Section of Hematology/Oncology, Department of Medicine, University of Chicago Medicine & Biological Sciences, 5841 S. Maryland Ave MC 2115, Chicago, IL, 60637, USA.
Breast Cancer Res Treat. 2022 Aug;195(1):1-15. doi: 10.1007/s10549-022-06665-6. Epub 2022 Jul 14.
Immunotherapy has started to transform the treatment of triple-negative breast cancer (TNBC), in part due to the unique immunogenicity of this breast cancer subtype. This review summarizes clinical studies of immunotherapy in advanced and early-stage TNBC.
Initial studies of checkpoint blockade monotherapy demonstrated occasional responses, especially in patients with untreated programmed death-ligand 1 (PD-L1) positive advanced TNBC, but failed to confirm a survival advantage over chemotherapy.
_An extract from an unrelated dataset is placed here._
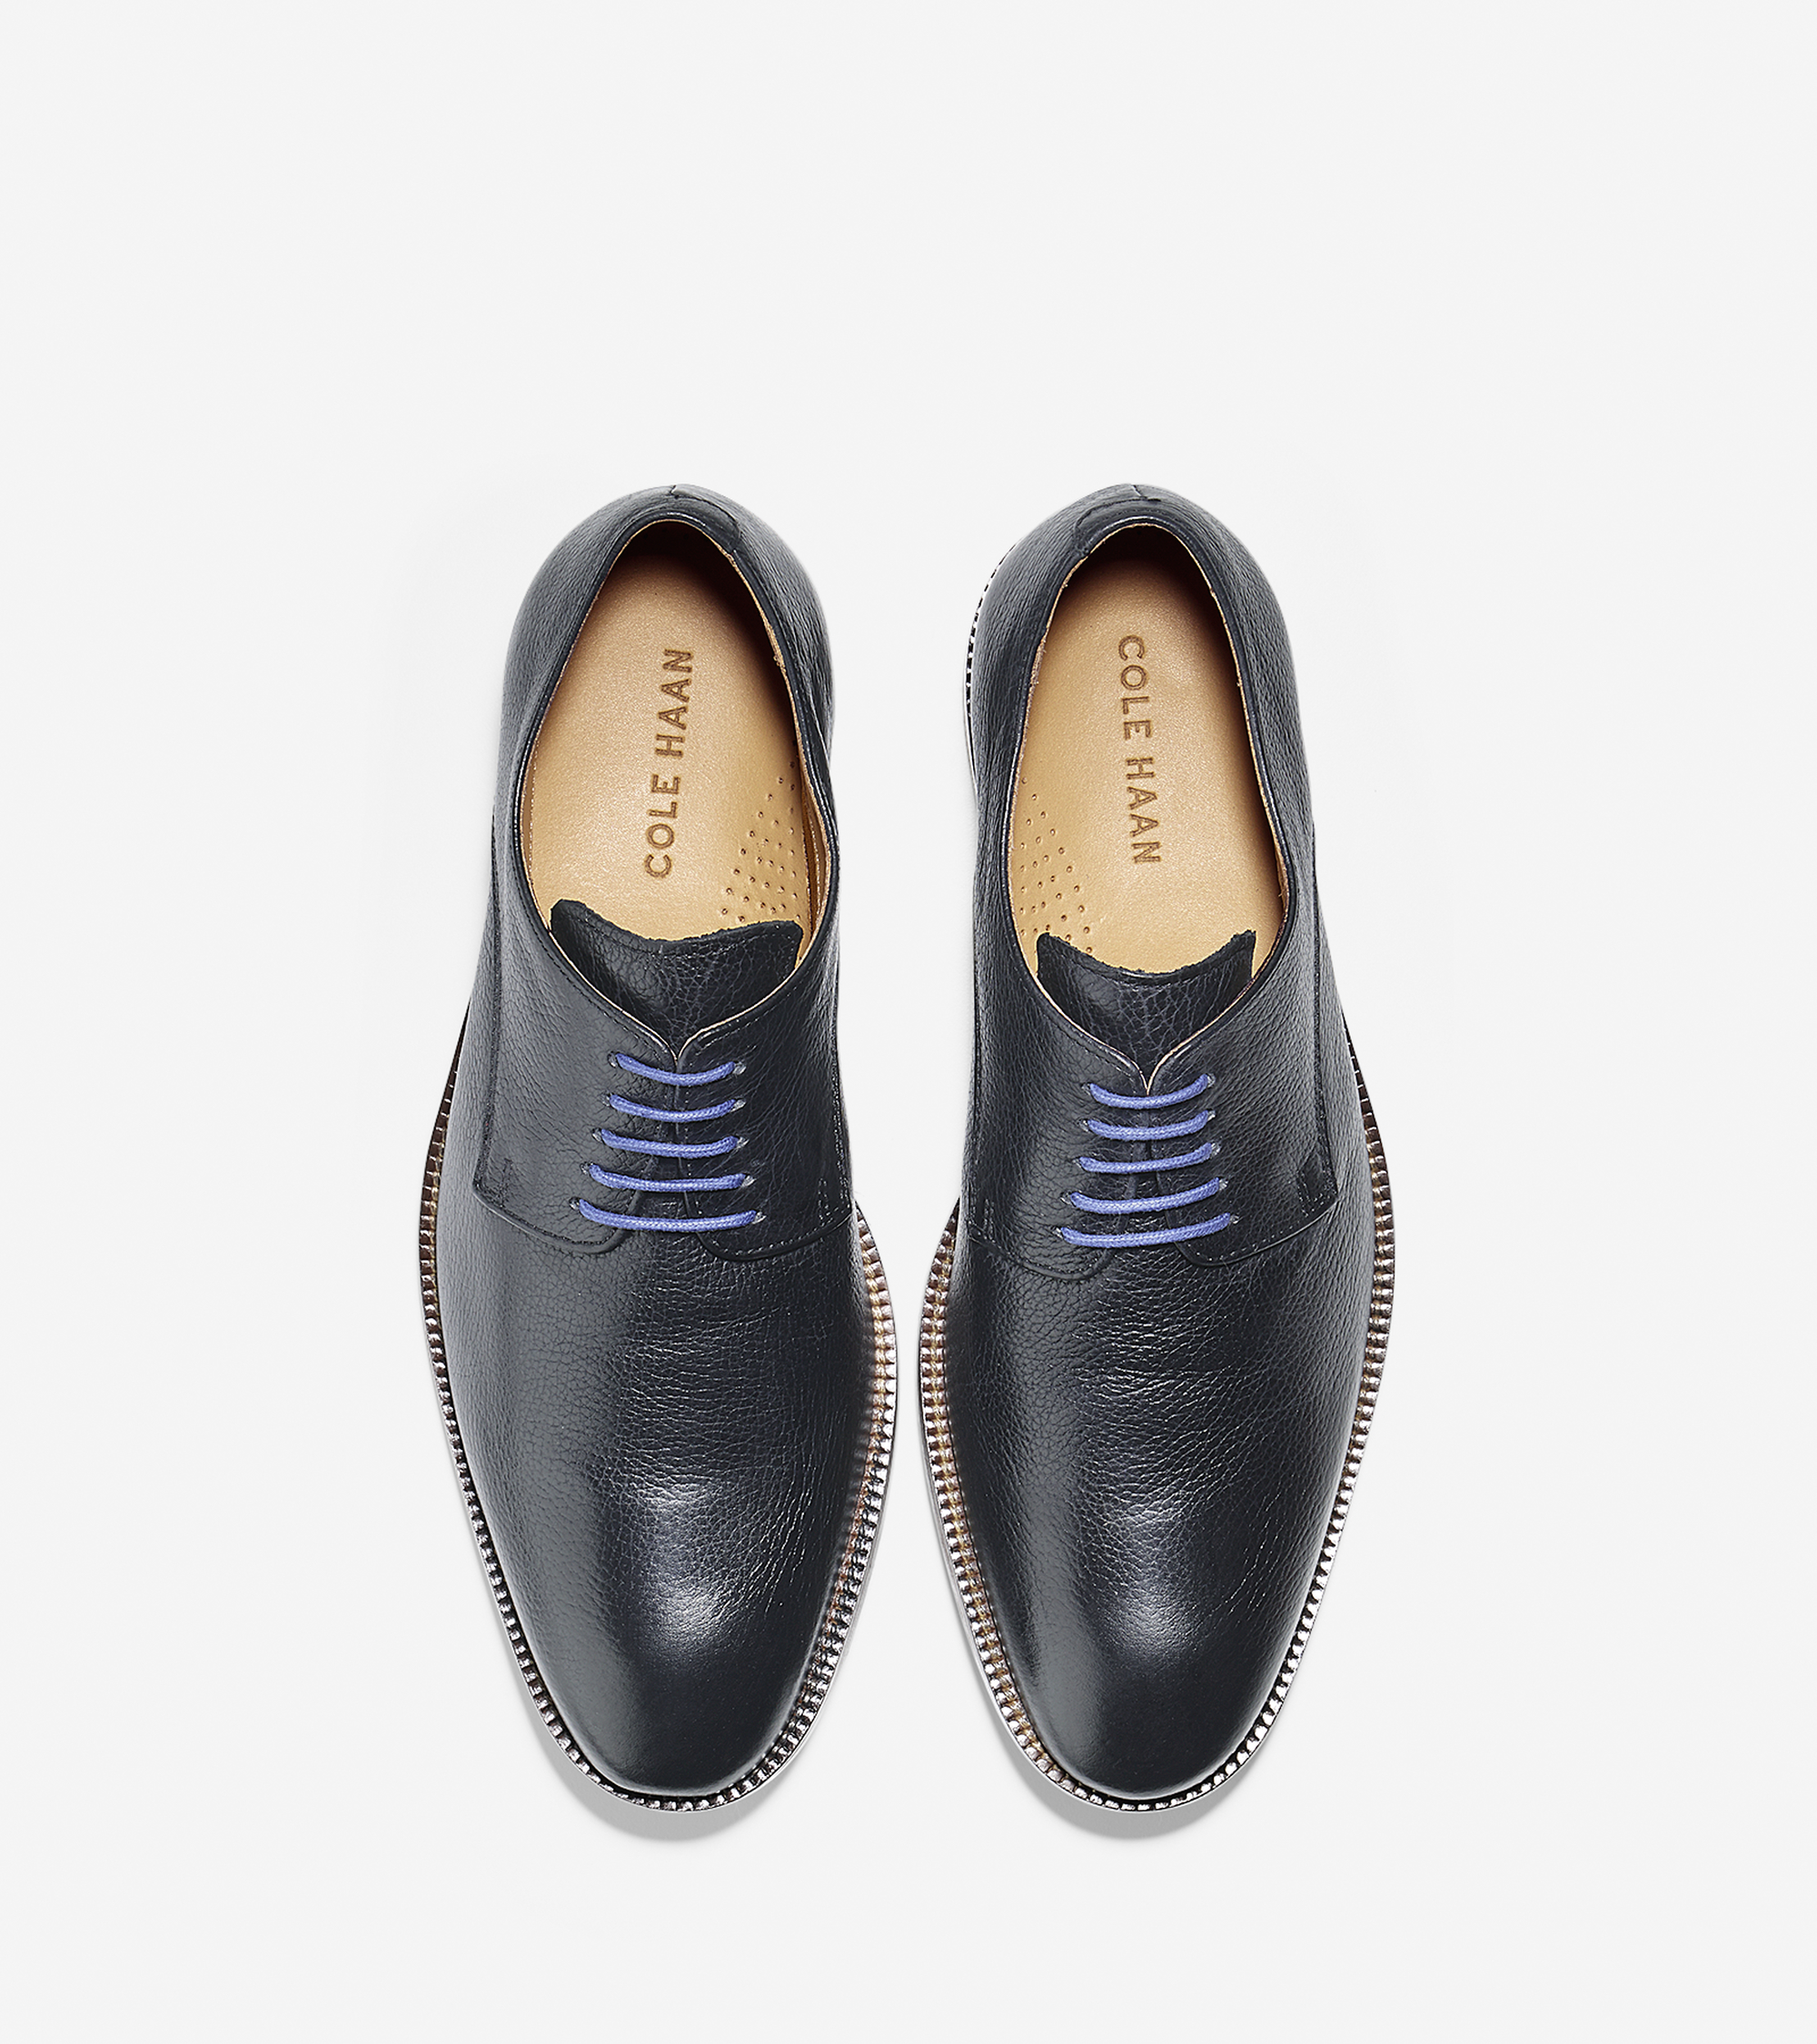 Lyst - Cole Haan Williams Casual Plain Toe Oxford in Blue for Men

Nonetheless, pembrolizumab monotherapy has tumor agnostic approval for microsatellite instability-high or high tumor mutational burden cancers, and thus can be considered for select patients with advanced TNBC. Combination chemoimmunotherapy approaches have been more successful, and pembrolizumab is approved for PD-L1 positive advanced TNBC in combination with chemotherapy. This success has been translated to the curative setting, where pembrolizumab is now approved in combination with neoadjuvant chemotherapy for high-risk early-stage TNBC.
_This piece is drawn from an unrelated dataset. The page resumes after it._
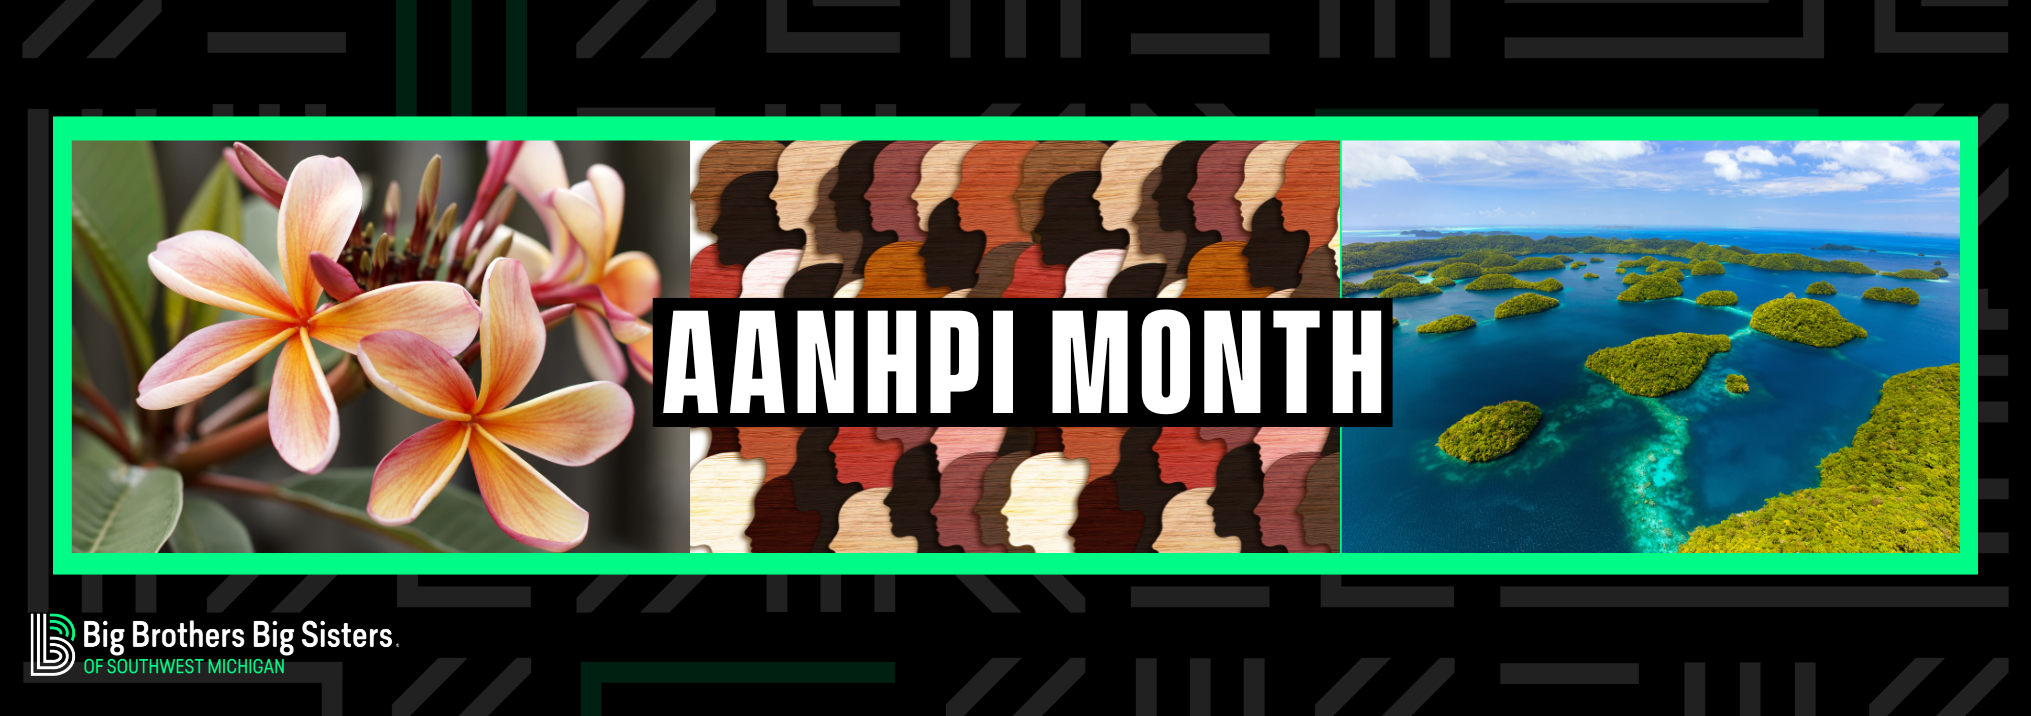 MAY IS NATIONAL AANHPI MONTH

Immunotherapy has been a welcome addition to the growing armamentarium for TNBC, but responses remain limited to a subset of patients. Innovative strategies are under investigation in an attempt to induce immune responses in resistant tumors-with regimens incorporating small-molecule inhibitors, novel immune checkpoint targets, and intratumoral injections that directly alter the tumor microenvironment. As the focus shifts toward the use of immunotherapy for early-stage TNBC, it will be critical to identify those who derive the most benefit from treatment, given the potential for irreversible autoimmune toxicity and the lack of predictive accuracy of PD-L1 expression in the early-stage setting.
免疫疗法已开始改变三阴性乳腺癌(TNBC)的治疗方式,部分原因是这种乳腺癌亚型具有独特的免疫原性。本综述总结了免疫疗法在晚期和早期 TNBC 中的临床研究。
最初的检查点抑制剂单药治疗研究显示出偶尔有应答,尤其是在未经治疗的程序性死亡配体 1(PD-L1)阳性的晚期 TNBC 患者中,但未能证实与化疗相比有生存优势。尽管如此,帕博利珠单抗单药治疗已获得用于微卫星不稳定高或高肿瘤突变负荷癌症的肿瘤不可知批准,因此可以考虑为选择的晚期 TNBC 患者使用。联合化疗免疫治疗方法更为成功,帕博利珠单抗联合化疗获批用于 PD-L1 阳性的晚期 TNBC。这一成功已转化为治愈性环境,目前帕博利珠单抗已获批与新辅助化疗联合用于高危早期 TNBC。
免疫疗法已成为 TNBC 治疗方法不断增加的一种可喜补充,但应答仍然局限于一部分患者。目前正在研究创新性策略,试图在耐药肿瘤中诱导免疫应答,包括使用小分子抑制剂、新型免疫检查点靶点以及直接改变肿瘤微环境的肿瘤内注射。随着免疫疗法在早期 TNBC 中的应用重点转移,鉴于潜在的不可逆自身免疫毒性和 PD-L1 表达在早期环境中缺乏预测准确性,确定最受益于治疗的患者将至关重要。